C'est que tout désir de l'homme se réfère à la société : il ne peut se formuler pleinement et trouver
sa satisfaction complète que dans un entourage social.
En s'intéressant à ce que peuvent devenir, en l'absence des autres, les deux pôles de l'affectivité, Hume indique
que toute positivité y devient impossible.
Le plaisir diminue lorsqu'on est seul à en profiter, et la peine augmente :
ainsi ce qui devrait satisfaire a-t-il tendance à s'affaiblir, tandis que la souffrance augmente, ce qui illustre
l'affirmation selon laquelle « la parfaite solitude est peut-être la plus grande punition que nous puissions souffrir ».
La solitude nous empêche en effet, simplement parce que nous y manquons de toute complicité (quel qu'en soit le
mode) avec autrui, de développer pleinement nos potentialités.
[II.
Nécessité de la sympathie]
L'absence de l'autre nous condamne à ressentir seul : le plaisir non partagé, ou plus simplement encore non
montré à un autre, est moins fort.
La peine dont je ne peux me plaindre à personne, ou dont personne ne peut
me consoler, est nécessairement plus difficile à supporter.
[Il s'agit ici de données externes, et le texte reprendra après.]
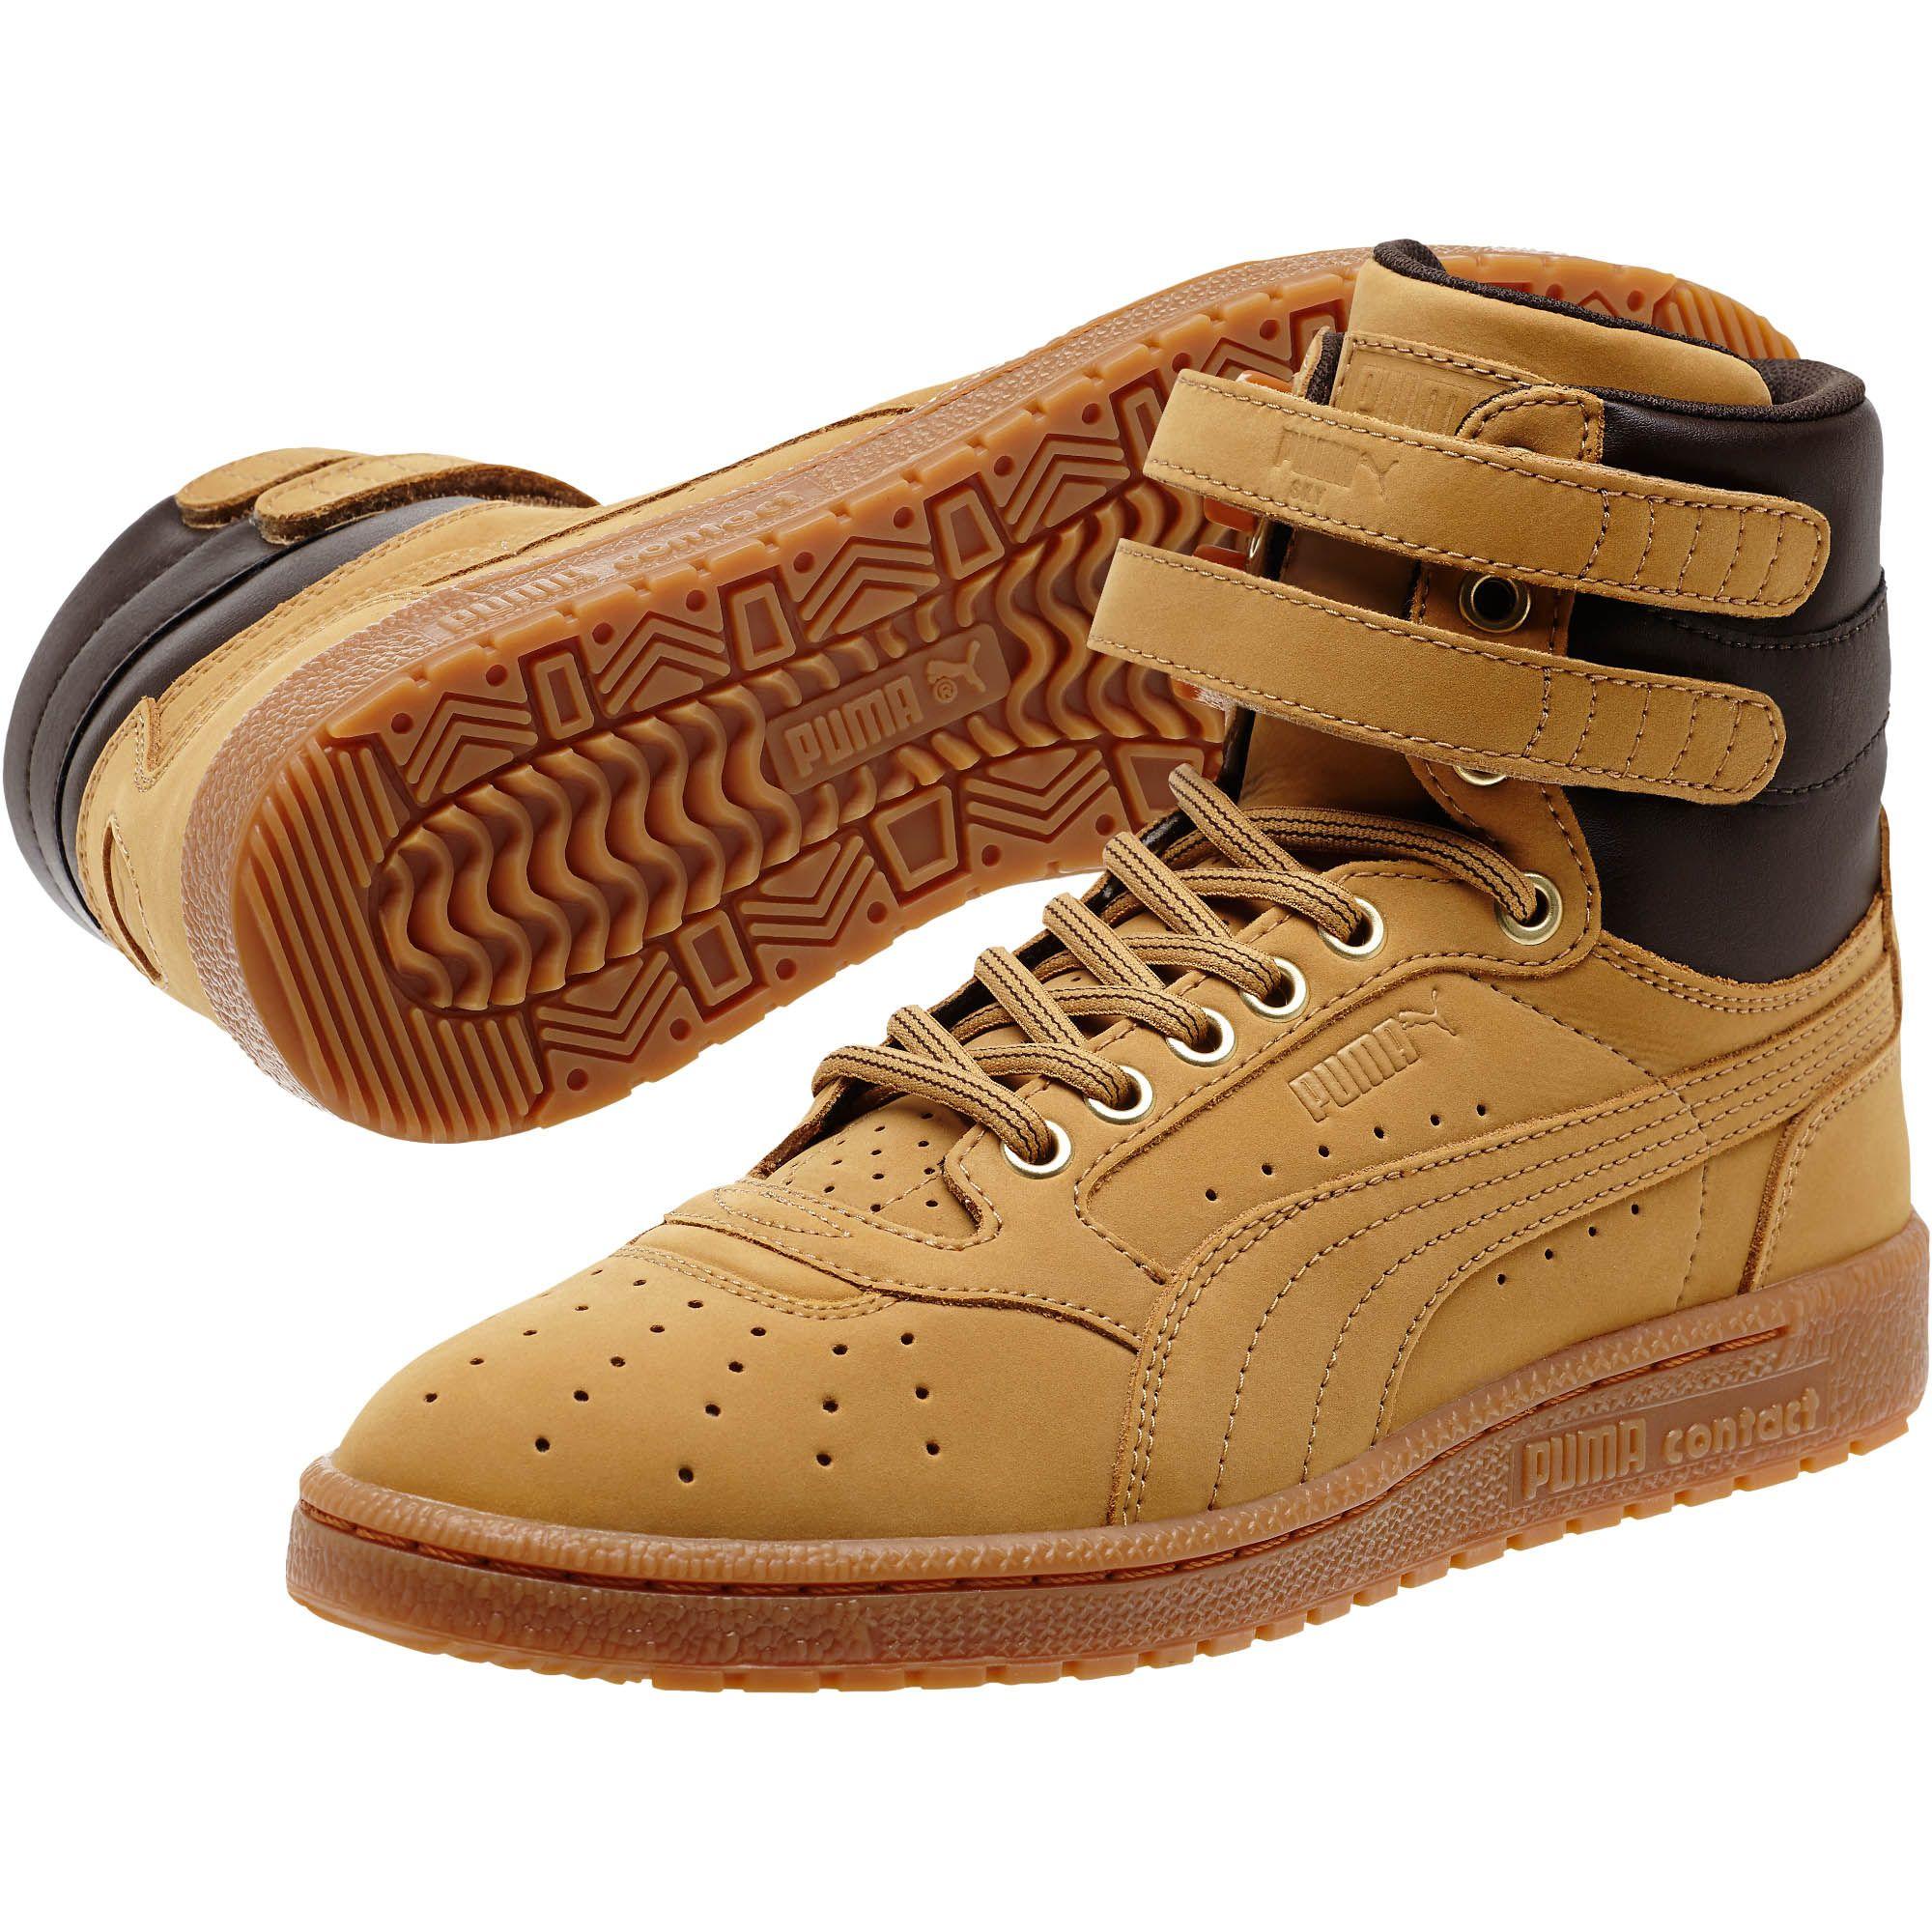 984d204c97d3 Lyst - PUMA Sky Ii Hi Nubuck Men s Sneakers in Brown for Men

L'autre n'est donc pas exactement, dans de telles situations, l'équivalent de moi-même : il est d'abord mon
témoin ou mon secours, et sa présence m'importe parce qu'il peut penser à mon propos ou sentir en même temps
que moi.
La sympathie désigne cette co-présence d'un être sensible, capable de ressentir en même temps que
moi.
Mais cela ne signifie pas qu'il ressent les mêmes choses que moi : les affects peuvent être dissymétriques,.